Third, Doucet's campaign attacked Aulas's platform on fiscal grounds. Doucet allies published a tribune in Le Parisien calling Aulas's program "unrealistic and unfundable." This fiscal credibility argument may have drawn centrist voters who broke for Doucet rather than Aulas in the first round.
The Case Against 90%: Where Aulas Could Still Find a Path
A 10% implied probability for Aulas is not zero, and the strongest counterargument deserves honest treatment. Aulas lost the first round by 0.58 percentage points — functionally a tie. In a two-candidate runoff, he needs to consolidate roughly 13 percentage points from eliminated candidates to overtake Doucet.
The arithmetic is not impossible. Dupalais's RN voters (7.07%) and Képénékian's independents (3.53%) lean right or center-right. If Aulas captures those blocs cleanly while Doucet and Belouassa-Cherifi's voters fail to unify — perhaps over policy disagreements on security or urban planning — the runoff tightens considerably. The embezzlement accusations raised against Doucet in the 2nd district, while not yet substantiated at the mayoral level, represent the kind of late-breaking narrative that could depress Green turnout if amplified in the final week.
There is also a social desirability bias question. Aulas, as a wealthy business figure and former president of Olympique Lyonnais, may have faced a polling effect where supporters were undersampled — but this would have depressed his polling numbers, not inflated them. Polls overestimated Aulas, which means the shy-voter hypothesis runs in the wrong direction for him.
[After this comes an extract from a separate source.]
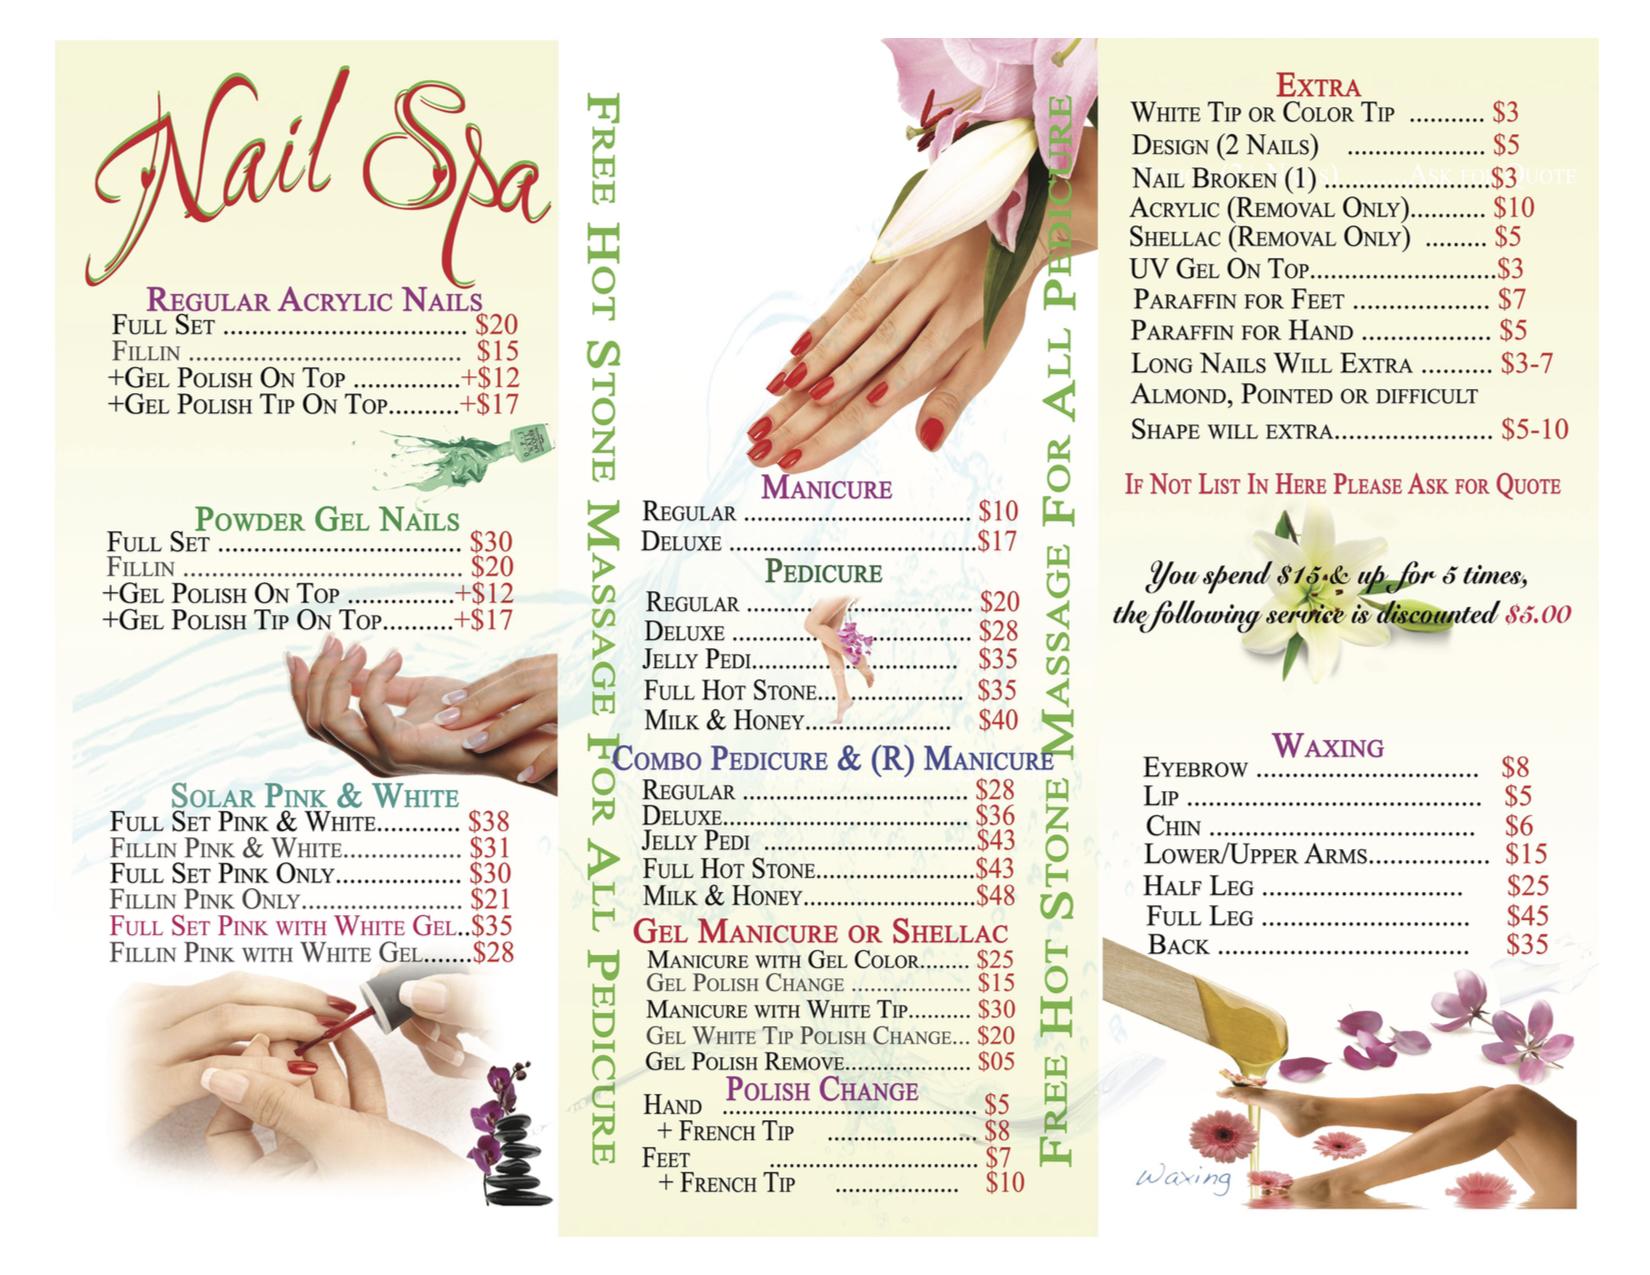 Nail spa salon price list for Acrylic nail salon prices

On balance, the market's 90% for Doucet appears aggressive but structurally justified. The left-green vote transfer math, the first-round momentum, and the polling model failure all point in the same direction. Aulas's path requires multiple low-probability events to align simultaneously. The runoff resolves on March 22, and at current pricing, the market believes the contest is effectively over. The only remaining question is whether 90% should be 95%.